Not too long ago, Audemars Piguet has had quite a lot of sizzling information headlines – unprecedented revenues, quitting the SIHH, new technological partnerships. We determined that it was time for us to maneuver to Le Brassus and have a very good discuss with the one individual to reply our questions: François-Henry Bennahmias, CEO of Audemars Piguet. It isn’t the primary time we’re in dialog with François-Henry – see right here, right here and right here – and every time, his straight discuss brings the precise solutions. In the present day’s video interview (viewable on high of this text) is stuffed with fascinating info and observations.
With out going an excessive amount of into the small print concerning the interview – we depart this to François-Henry – there are a number of vital subjects that we wished to make clear about Audemars Piguet.

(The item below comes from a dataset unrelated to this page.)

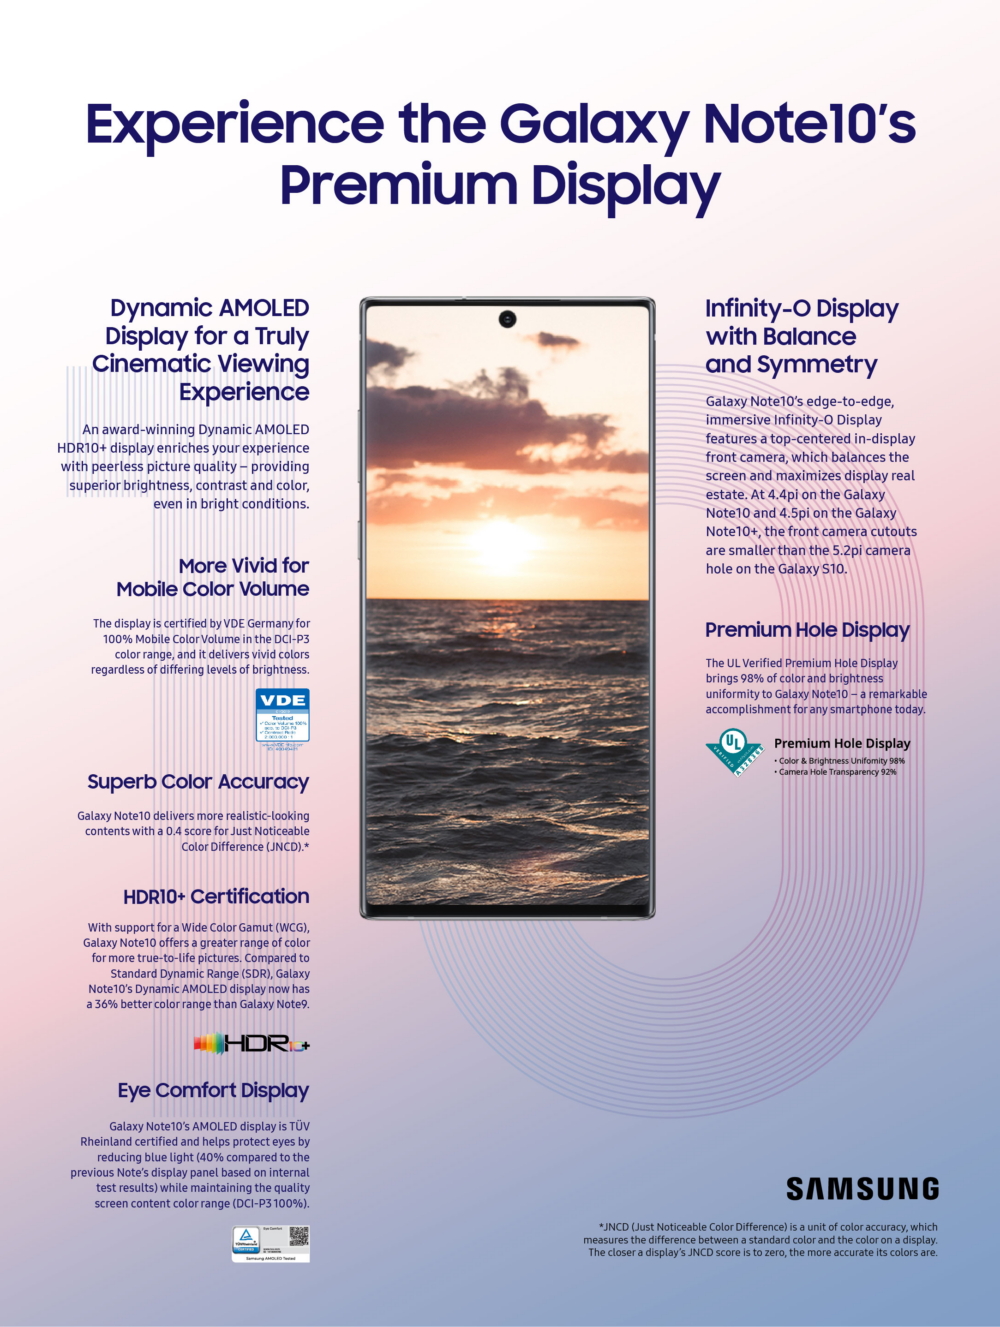 [Infographic] Experience the Galaxy Note10’s Premium Display
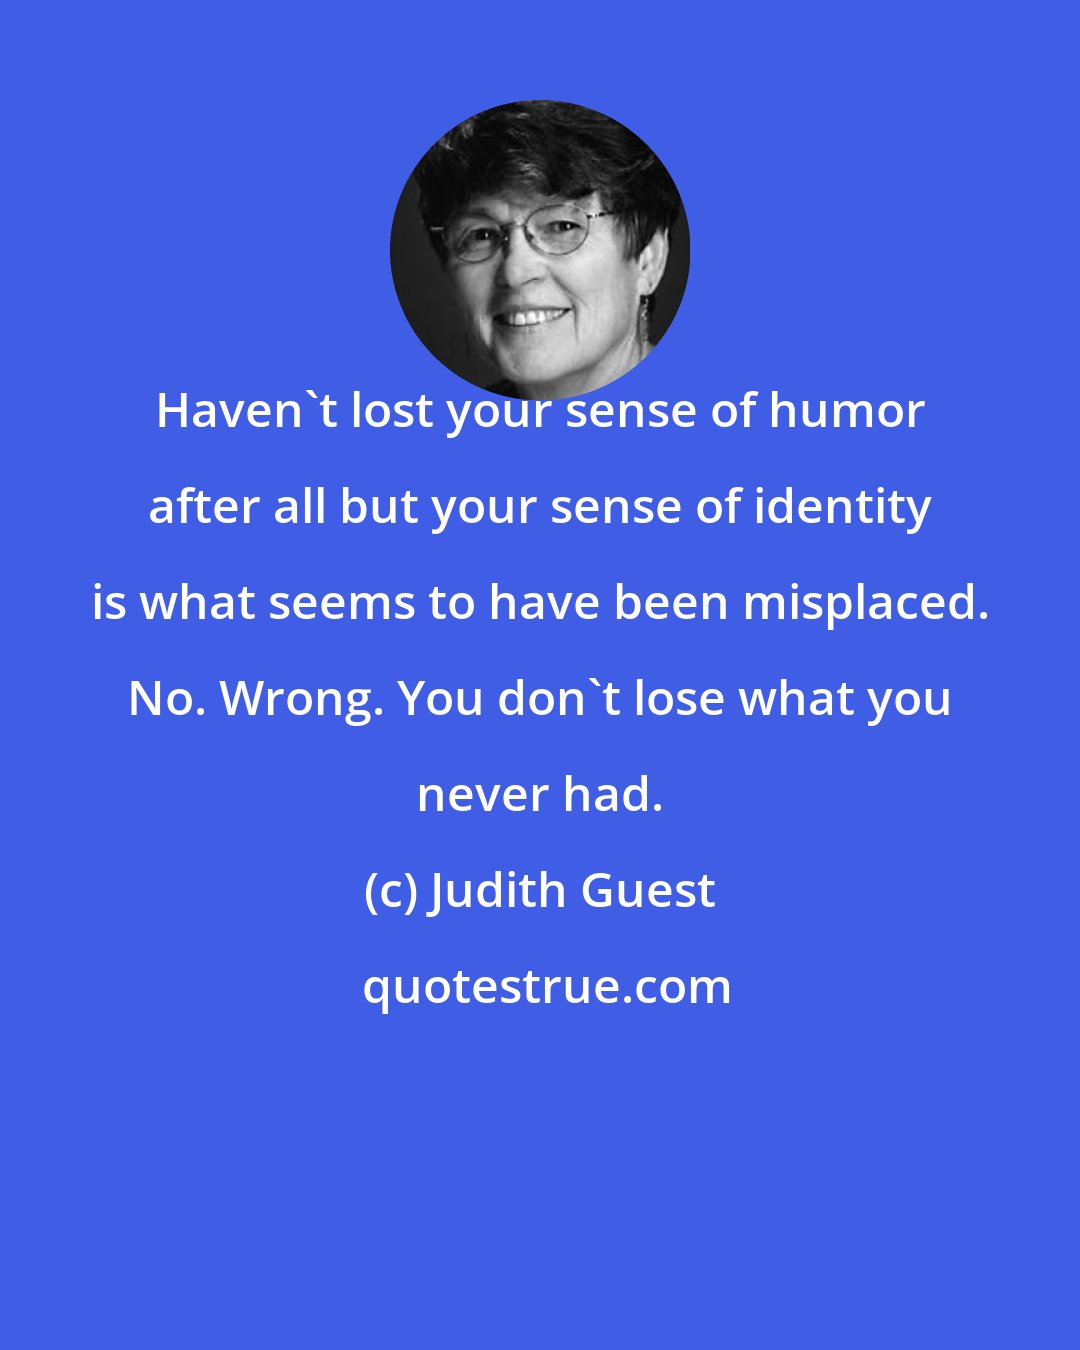 Judith Guest: Haven't lost your sense of humor after all but your sense of identity is what seems to have been misplaced. No. Wrong. You don't lose what you never had.

1 billion Swiss Francs income – Though François-Henry Bennahmias emphasizes the truth that this quantity wasn’t the end-goal of the model’s technique, no one can overlook this spectacular efficiency. What’s fascinating is that this improve in turnover has been achieved with a continuing manufacturing (round 40,000 watches a 12 months), which means that AP is producing extra complicated and dearer items, with a bigger price ticket per watch.
Audemars Piguet pulling out of the SIHH – As we reported on this article, AP (alongside RM) gained’t be exhibiting on the SIHH as of 2020. Within the video, Mr Bennahmias explains the explanations for this departure. Since AP has drastically lowered the variety of multi-brand retailers in pursuit of upper integration (with brand-controlled shops), the idea of this SIHH (which is to current collections to those retailers) isn’t appropriate anymore for AP. Additionally, the model needs to have extra management over the introduction of watches all through your complete 12 months, as a substitute of firing dozens of items all of sudden in January. The ultimate cause, which has already been articulated by the Swatch Group (when it determined to depart Baselworld) was to have direct entry to ultimate clients – which implies native occasions to current new watches not solely to retailers and the press but additionally to collectors.
Licensed Pre-Owned watches – An vital step for the model, which has, so far, saved relatively quiet on the subject, is the introduction of an authorized pre-owned programme contained in the distribution community. Nonetheless present process a take a look at interval, which means AP is now, in chosen official boutiques, promoting second-hand watches.
Swatch Group x Audemars Piguet hairspring collaboration – Not too long ago, the Swatch Group and Audemars Piguet introduced a technological partnership for the manufacturing of hairsprings. Whereas everyone knows that magnetism is a crucial challenge for watchmakers, an answer was present in silicon. But, AP has all the time refused to make use of this expertise (arguing that it gained’t be an appropriate resolution sooner or later and that silicon is a short lived resolution). Because of this, AP and Swatch Group have teamed as much as create a brand new antimagnetic alloy for hairsprings – a contemporary resolution that’s nonetheless based mostly on conventional supplies and that can be appropriate for the approaching many years.
We depart the ground to François-Henry Bennahmias, CEO of Audemars Piguet, who solutions all these questions in our video on the high of this text.
Extra particulars on www.audemarspiguet.com.